WHAT YOU ARE ASKED TO DO
Below is some data. Retype exactly the lines starting at the one with "Tom Tailor Denim" and ending at the one with "Arlequina gritando desenho".

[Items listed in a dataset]

****************

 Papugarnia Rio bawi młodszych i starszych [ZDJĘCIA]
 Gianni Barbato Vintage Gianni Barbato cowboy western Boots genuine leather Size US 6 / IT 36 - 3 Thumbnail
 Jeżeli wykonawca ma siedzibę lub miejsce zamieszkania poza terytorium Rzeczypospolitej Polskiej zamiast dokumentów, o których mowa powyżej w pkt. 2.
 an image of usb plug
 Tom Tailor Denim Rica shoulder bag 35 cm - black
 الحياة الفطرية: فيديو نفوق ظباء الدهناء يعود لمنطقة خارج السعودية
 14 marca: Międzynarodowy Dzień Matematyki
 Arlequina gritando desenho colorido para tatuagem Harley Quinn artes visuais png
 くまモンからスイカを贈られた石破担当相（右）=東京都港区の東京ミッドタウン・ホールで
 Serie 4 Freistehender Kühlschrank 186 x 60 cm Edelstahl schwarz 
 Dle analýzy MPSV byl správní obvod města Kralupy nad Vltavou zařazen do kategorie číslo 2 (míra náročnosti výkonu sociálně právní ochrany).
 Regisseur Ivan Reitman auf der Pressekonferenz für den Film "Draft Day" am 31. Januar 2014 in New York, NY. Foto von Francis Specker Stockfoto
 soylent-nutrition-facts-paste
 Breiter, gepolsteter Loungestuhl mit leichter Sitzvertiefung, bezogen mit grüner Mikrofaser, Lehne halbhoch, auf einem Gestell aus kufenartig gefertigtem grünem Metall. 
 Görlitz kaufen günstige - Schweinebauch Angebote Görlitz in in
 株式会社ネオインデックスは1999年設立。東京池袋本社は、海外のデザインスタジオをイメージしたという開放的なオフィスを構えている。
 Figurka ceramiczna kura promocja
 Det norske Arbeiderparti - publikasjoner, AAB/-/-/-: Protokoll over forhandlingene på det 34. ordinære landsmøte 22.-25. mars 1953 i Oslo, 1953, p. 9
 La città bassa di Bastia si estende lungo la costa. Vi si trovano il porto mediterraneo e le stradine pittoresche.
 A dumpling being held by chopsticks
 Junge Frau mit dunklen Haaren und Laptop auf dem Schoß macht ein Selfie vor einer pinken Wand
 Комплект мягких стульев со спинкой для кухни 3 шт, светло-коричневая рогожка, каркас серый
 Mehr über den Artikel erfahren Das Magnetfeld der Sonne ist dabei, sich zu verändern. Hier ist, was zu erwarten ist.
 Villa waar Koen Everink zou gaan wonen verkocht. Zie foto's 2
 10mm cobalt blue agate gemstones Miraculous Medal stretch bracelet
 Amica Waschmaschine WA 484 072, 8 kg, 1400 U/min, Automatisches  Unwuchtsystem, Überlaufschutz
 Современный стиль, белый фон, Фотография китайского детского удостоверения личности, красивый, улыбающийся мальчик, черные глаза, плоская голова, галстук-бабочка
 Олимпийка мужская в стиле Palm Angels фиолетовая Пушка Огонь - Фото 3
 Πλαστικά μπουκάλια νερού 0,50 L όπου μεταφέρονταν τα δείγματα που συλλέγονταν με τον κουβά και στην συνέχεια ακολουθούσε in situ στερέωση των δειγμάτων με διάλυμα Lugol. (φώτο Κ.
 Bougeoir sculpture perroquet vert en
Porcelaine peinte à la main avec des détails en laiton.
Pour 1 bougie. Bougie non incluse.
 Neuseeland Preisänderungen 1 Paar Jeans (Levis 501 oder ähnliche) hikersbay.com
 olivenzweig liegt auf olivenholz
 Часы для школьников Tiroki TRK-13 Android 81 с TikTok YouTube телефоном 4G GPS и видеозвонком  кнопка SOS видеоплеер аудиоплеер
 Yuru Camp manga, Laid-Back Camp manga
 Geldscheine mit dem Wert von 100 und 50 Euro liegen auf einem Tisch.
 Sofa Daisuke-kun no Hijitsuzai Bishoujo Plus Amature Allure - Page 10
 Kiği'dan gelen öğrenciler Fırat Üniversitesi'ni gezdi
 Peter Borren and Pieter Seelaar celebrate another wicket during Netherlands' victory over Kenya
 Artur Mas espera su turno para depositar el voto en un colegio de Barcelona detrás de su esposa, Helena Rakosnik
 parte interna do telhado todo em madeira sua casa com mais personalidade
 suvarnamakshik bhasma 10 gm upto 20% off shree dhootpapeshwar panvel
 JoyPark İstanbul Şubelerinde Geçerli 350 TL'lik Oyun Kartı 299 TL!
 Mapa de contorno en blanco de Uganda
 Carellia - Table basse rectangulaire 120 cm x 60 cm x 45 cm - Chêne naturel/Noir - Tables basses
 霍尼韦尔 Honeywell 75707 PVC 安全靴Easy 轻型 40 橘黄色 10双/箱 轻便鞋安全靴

****************

RESULT OF THE EXERCISE
 Tom Tailor Denim Rica shoulder bag 35 cm - black
 الحياة الفطرية: فيديو نفوق ظباء الدهناء يعود لمنطقة خارج السعودية
 14 marca: Międzynarodowy Dzień Matematyki
 Arlequina gritando desenho colorido para tatuagem Harley Quinn artes visuais png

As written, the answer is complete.